** Collected material **
□ □ □

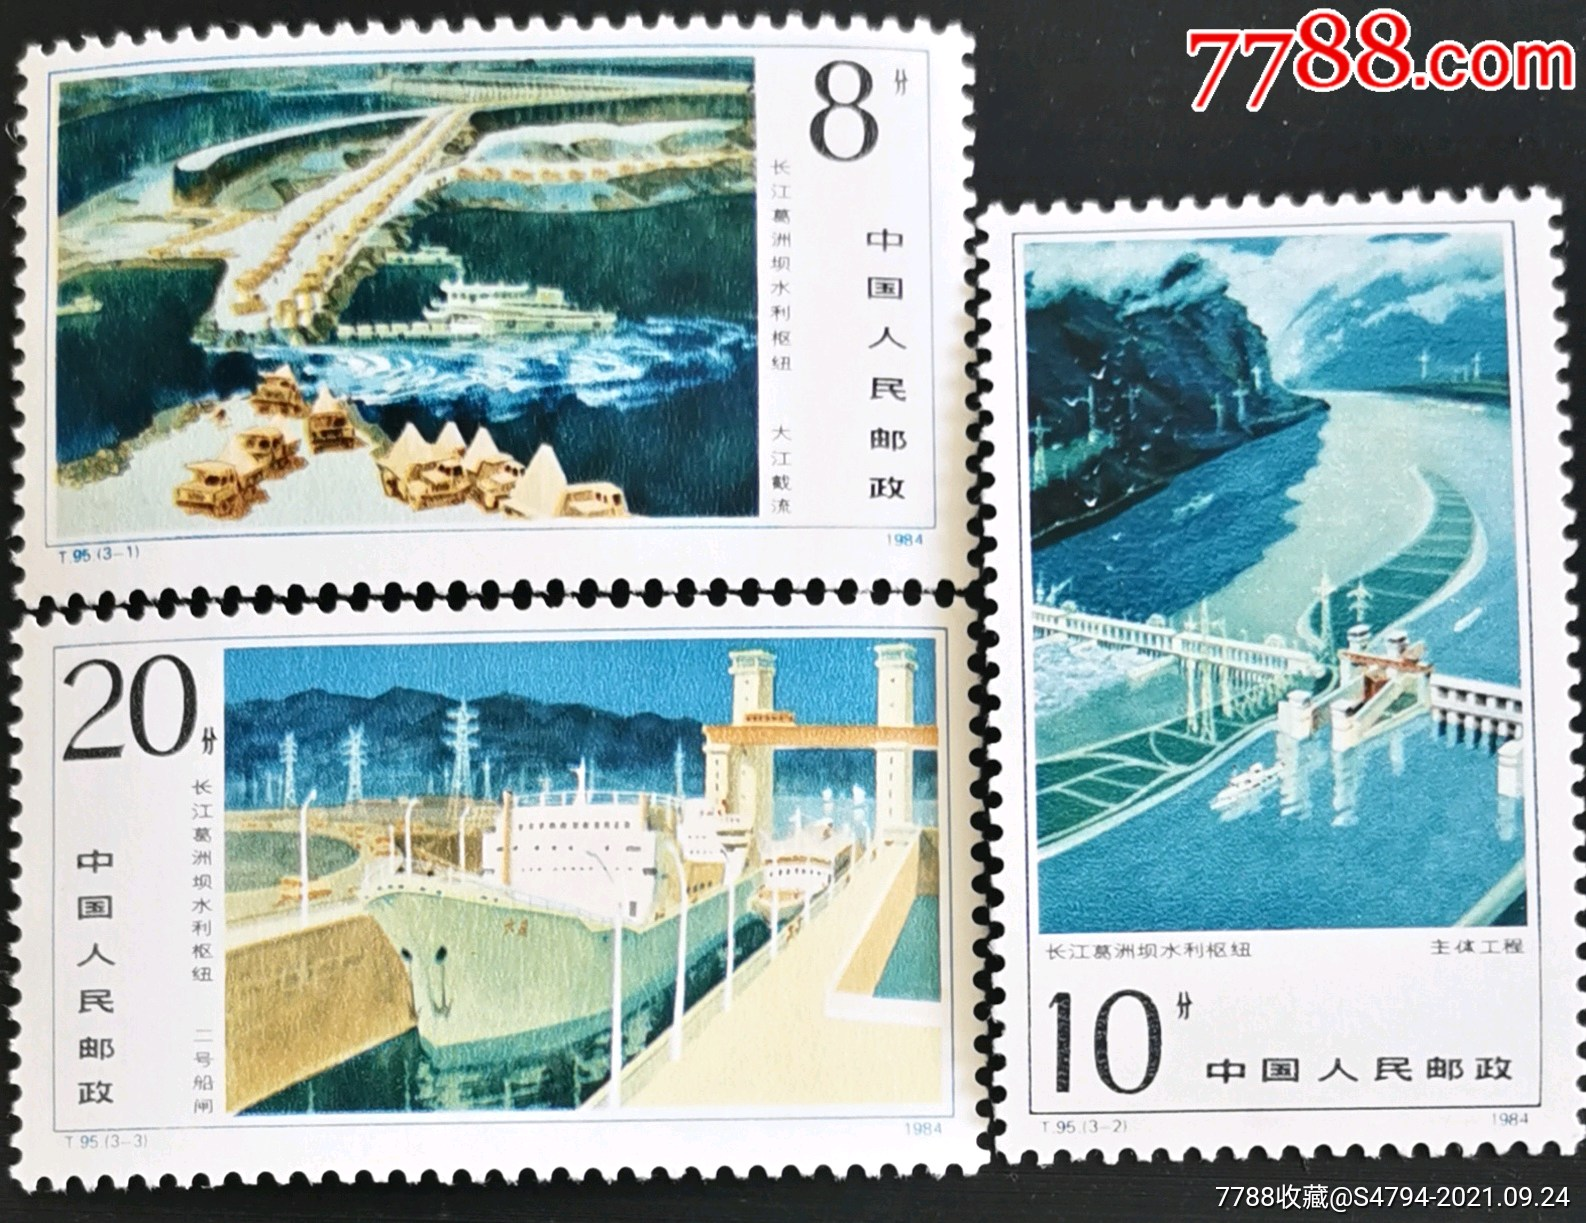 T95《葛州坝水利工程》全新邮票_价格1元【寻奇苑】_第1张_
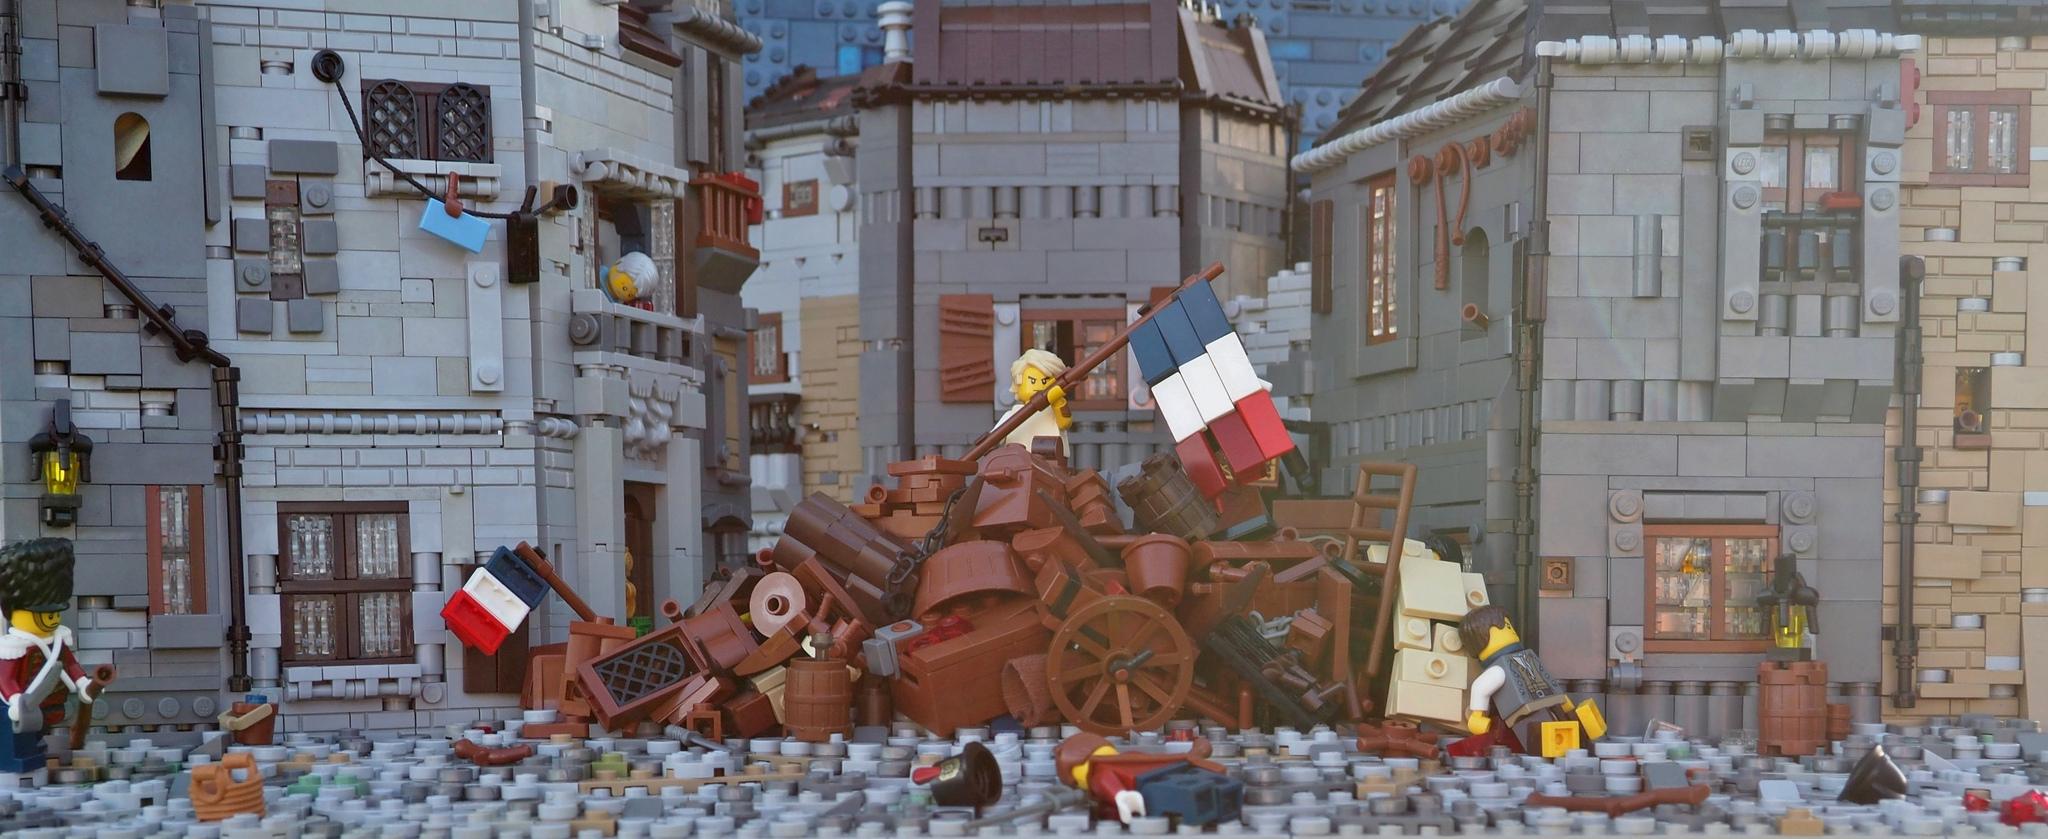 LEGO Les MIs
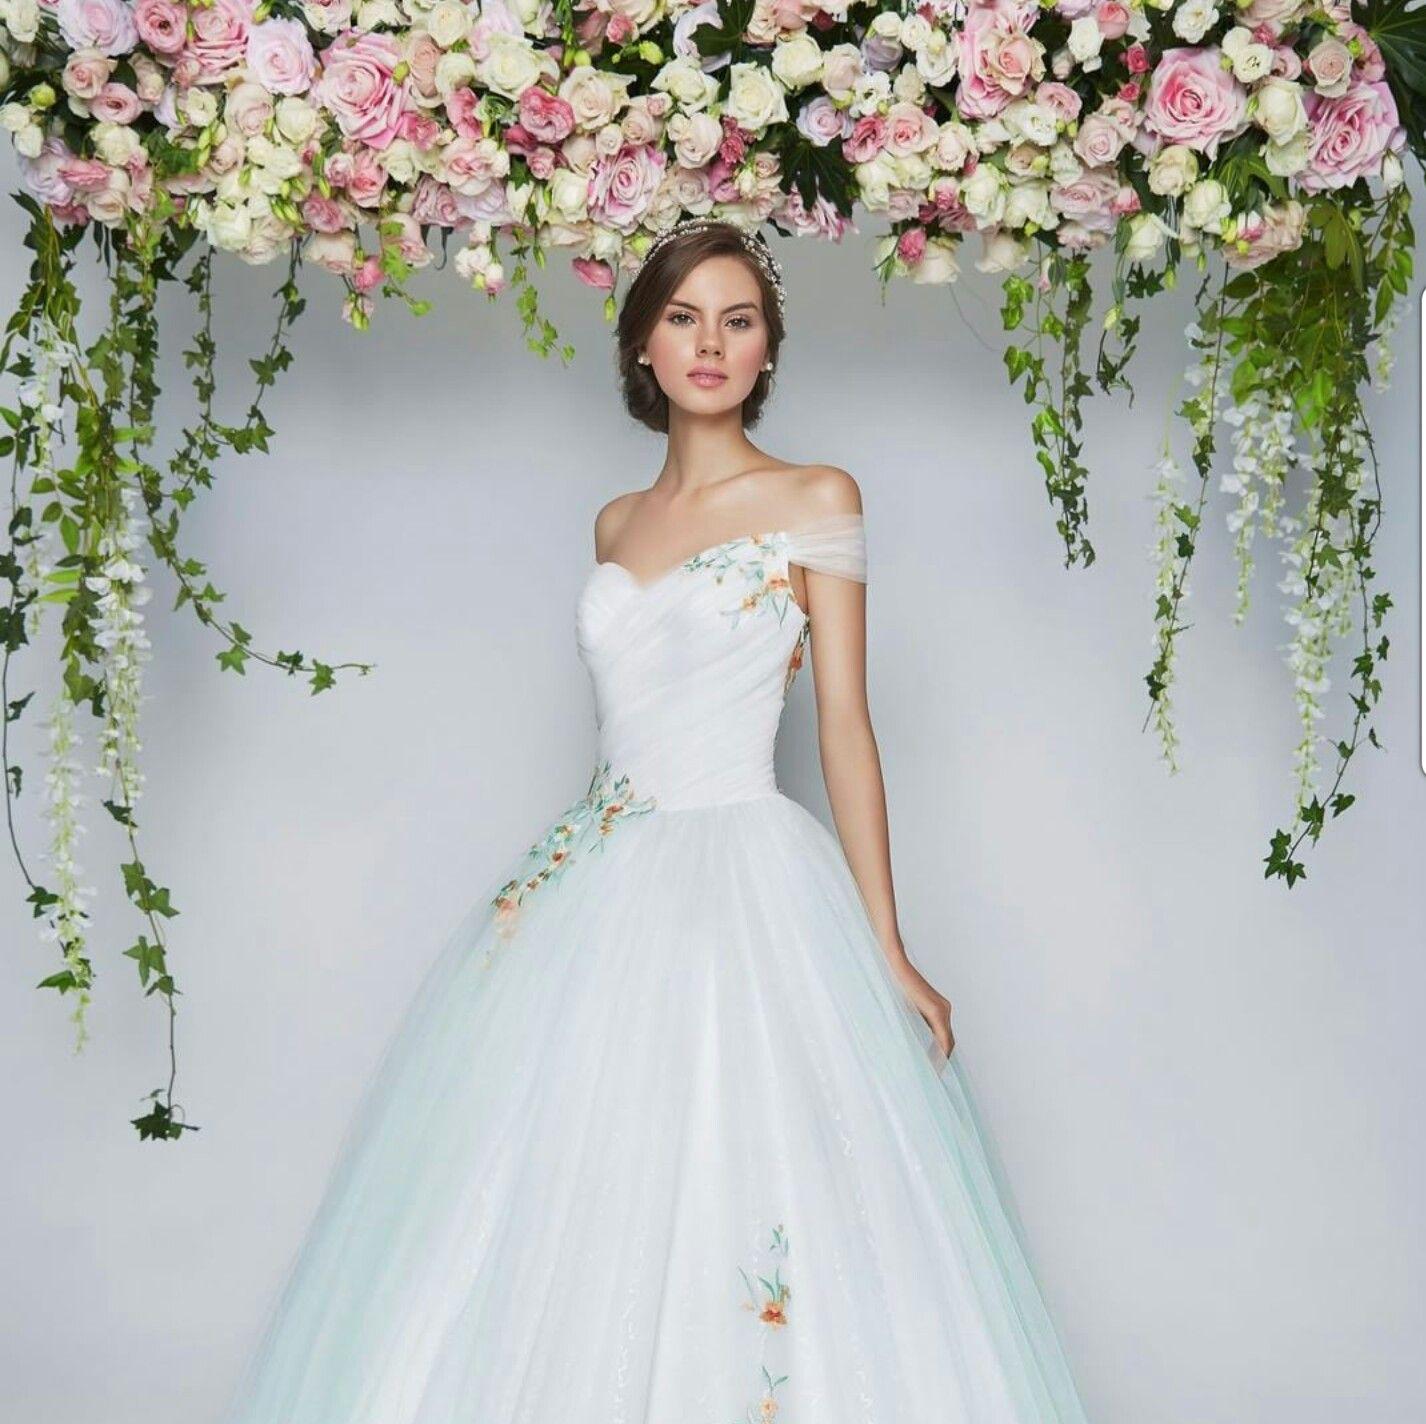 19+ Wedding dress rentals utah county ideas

□ □ □

** Exercise prompt **
Leave out the pictures and give the listing above again exactly.

** Result below **
 T95《葛州坝水利工程》全新邮票_价格1元【寻奇苑】_第1张_
 LEGO Les MIs
 19+ Wedding dress rentals utah county ideas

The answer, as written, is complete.